Parallel sampling was employed to ensure sampling quality. Among the 45 sampling points, 5 were selected for parallel sampling, achieving a proportion of 11.1%. Three parallel samples were taken at each point, and the final value at each point was the mean of the three parallel samples. When the relative standard deviation (RSD) in Equation (1) for each point is ≤10%, it indicates that the sampling quality meets the requirements.

$$RSD=\frac{S}{\overline{x}}\times 100\mathrm{\%}=\frac{\sqrt{\frac{{\sum }_{i=1}^n{(x_i-\overline{x})}^2}{n-1}}}{\overline{x}}\times 100\mathrm{\%}$$

(1)

where $S$ represents the standard deviation;$\overline{x}$ signifies the corresponding mean value; $n$ is the number of samples.

2.3.2. UAV Acquisition and Processing

The collection of UAV images and ground samples occurred simultaneously during the same periods (morning and afternoon), as indicated in

Table 1. UAV flight time and speed.

Flights	Time	Speed (m/s)
1	14 October 2022; 10:56–11:19	5.0
2	14 October 2022; 11:55–12:17	5.0
3	14 October 2022; 13:35–14:06	5.0
4	14 October 2022; 14:33–15:09	5.0
5	15 October 2022; 09:32–09:54	5.5
6	15 October 2022; 10:42–11:08	5.5
7	15 October 2022; 14:01–14:22	5.5
8	15 October 2022; 14:44–15:03	5.5

. The weather was clear and cloudless. Since the UAV flight time was from approximately 9 am to 3 pm, when the wind speed was actually minimal, its impact on the UAV images was very slight. The drone flew smoothly over the rivers.

The UAV system was the DJI M300 RTK, flying at an altitude of 200 m. Flight times and speeds are detailed in Table 1. The UAV was equipped with the Pika L hyperspectral camera produced by RESONON in the United States, weighing 0.6 kg. It utilizes a linear push-broom imaging method, which is highly efficient for large-scale operations. The spectral range is 400–1000 nm, encompassing 561 channels with a spectra bandwidth of 1.07 nm. Due to the weak optical reflection signals from the water surface, a binning technique [39] was employed to combine several adjacent pixels into one, thereby enhancing the pixel responsiveness and signal-to-noise ratio of the linear CCD. The spectra intervals of the final collected UAV images were 4 nm. Considering the sensor noise at both ends, spectral information within the 400–900 nm range was finally chosen. Therefore, the number of input bands for spectral preprocessing was 125. The spatial resolution of the acquired UAV images was resampled from 0.199 m to 0.2 m in ENVI 5.3, to facilitate possible subsequent comparisons with satellite images in the future. The field of view (FOV) was 17.6@17 mm. To minimize the time gap between the imaging of the UAV images and the ground sampling, the overlap between adjacent images was set to 30%. The stitched images were then examined to ensure they met the requirements. The UAV imagers covered all sampling points and approximately 12 km of river length (Figure 1b).
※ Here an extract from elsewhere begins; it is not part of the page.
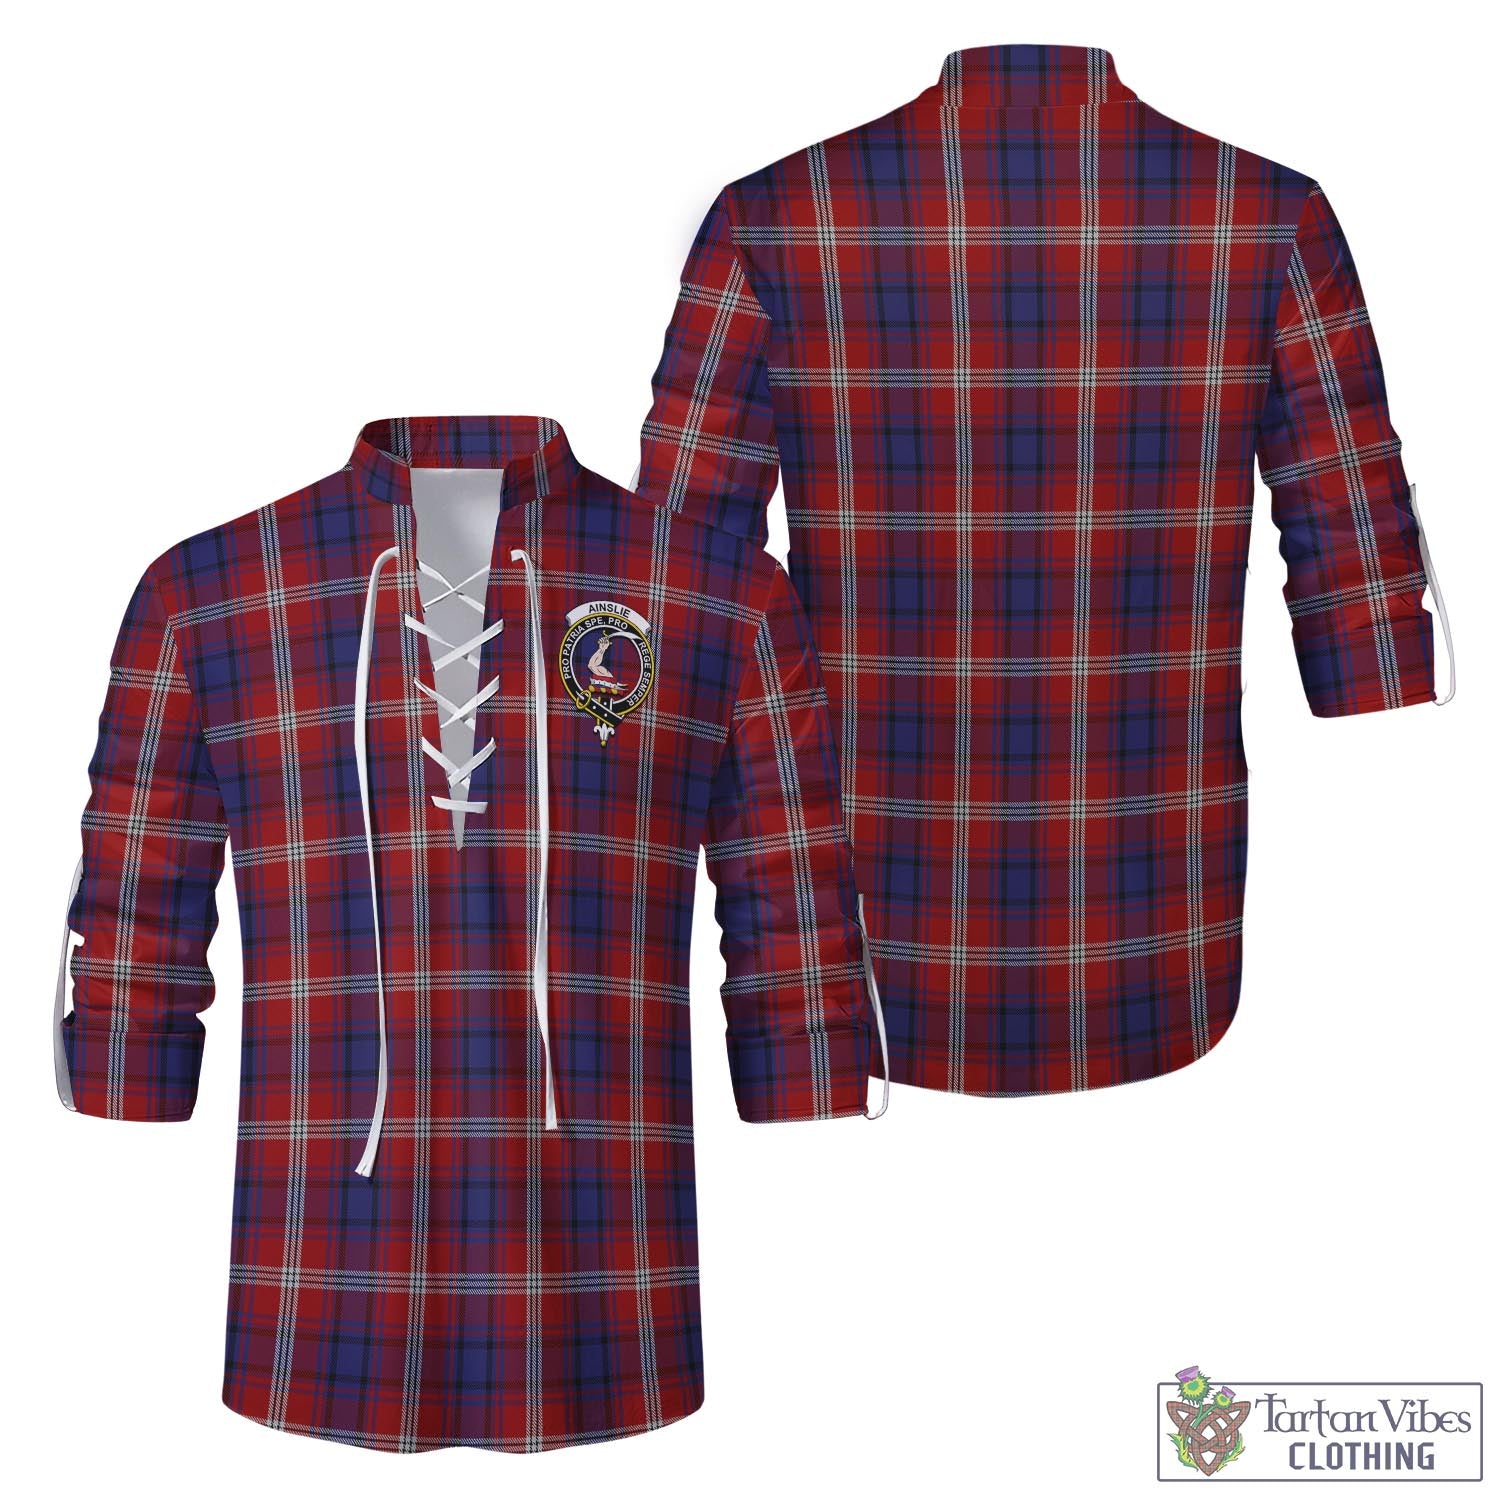 Tartan Vibes Clothing Ainslie Tartan Men's Scottish Traditional Jacobite Ghillie Kilt Shirt with Family Crest
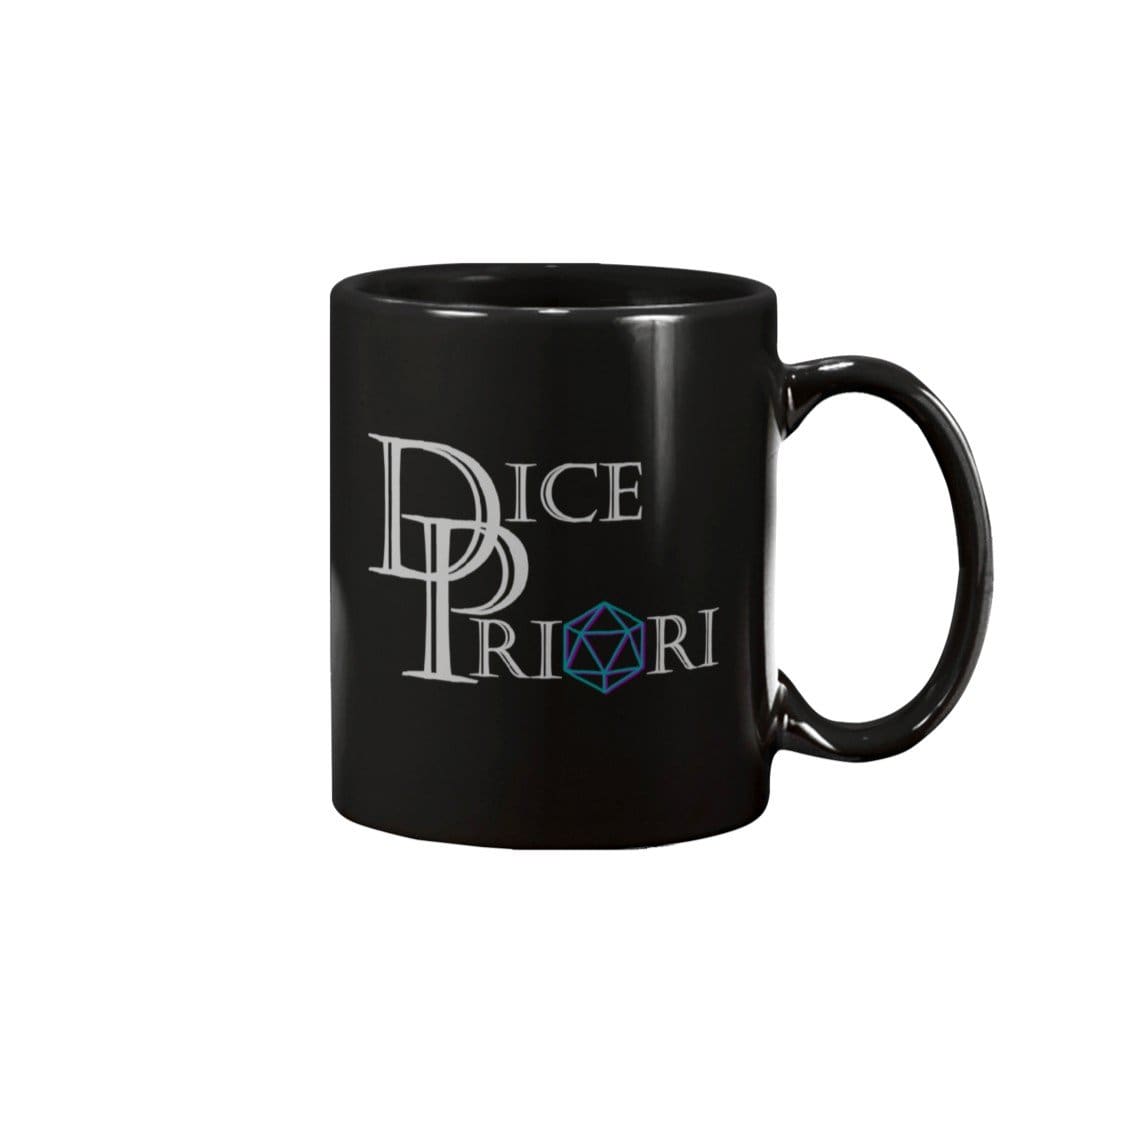 Dice Priori Classic Text Logo 15oz Coffee Mug - Black / 15OZ - Dice Priori

The data obtained directly from UAV flights are in the form of digital number (DN) values. These data require processing and stitching to obtain reflectance values. During the acquisition of the hyperspectral images, several gray standard cloths with known reflectance values of 0.1 and 0.3 were placed on the ground as calibration targets, which created a higher-frequency calibration reference. Given the flight altitude of 200 m, complex atmospheric effects can be ignored [40]. The processing workflow involved the following steps. Firstly, geometric correction and radiometric correction were conducted using MegaCube 2.9.6.3 software. Secondly, using ArcMap 10.4 for georeferencing, all images in this study were defined in the same coordinate system, namely the Universal Transverse Mercator (UTM) projection. Finally, image stitching and the generation of reflectance images were conducted based on ENVI 5.3. Each pixel can yield a complete high-resolution spectral curve. To enhance stability, the mean DN value of a 3 × 3 window corresponding to each sampling point on the image was selected as the final DN value for that point [41].

2.4. Spectral Preprocessing

First, SG smoothing was applied to reduce noise interference and achieve smoother curve transitions [14]. Then, the FOD method was employed to uncover latent spectral information, followed by the DWT to extract spectral features.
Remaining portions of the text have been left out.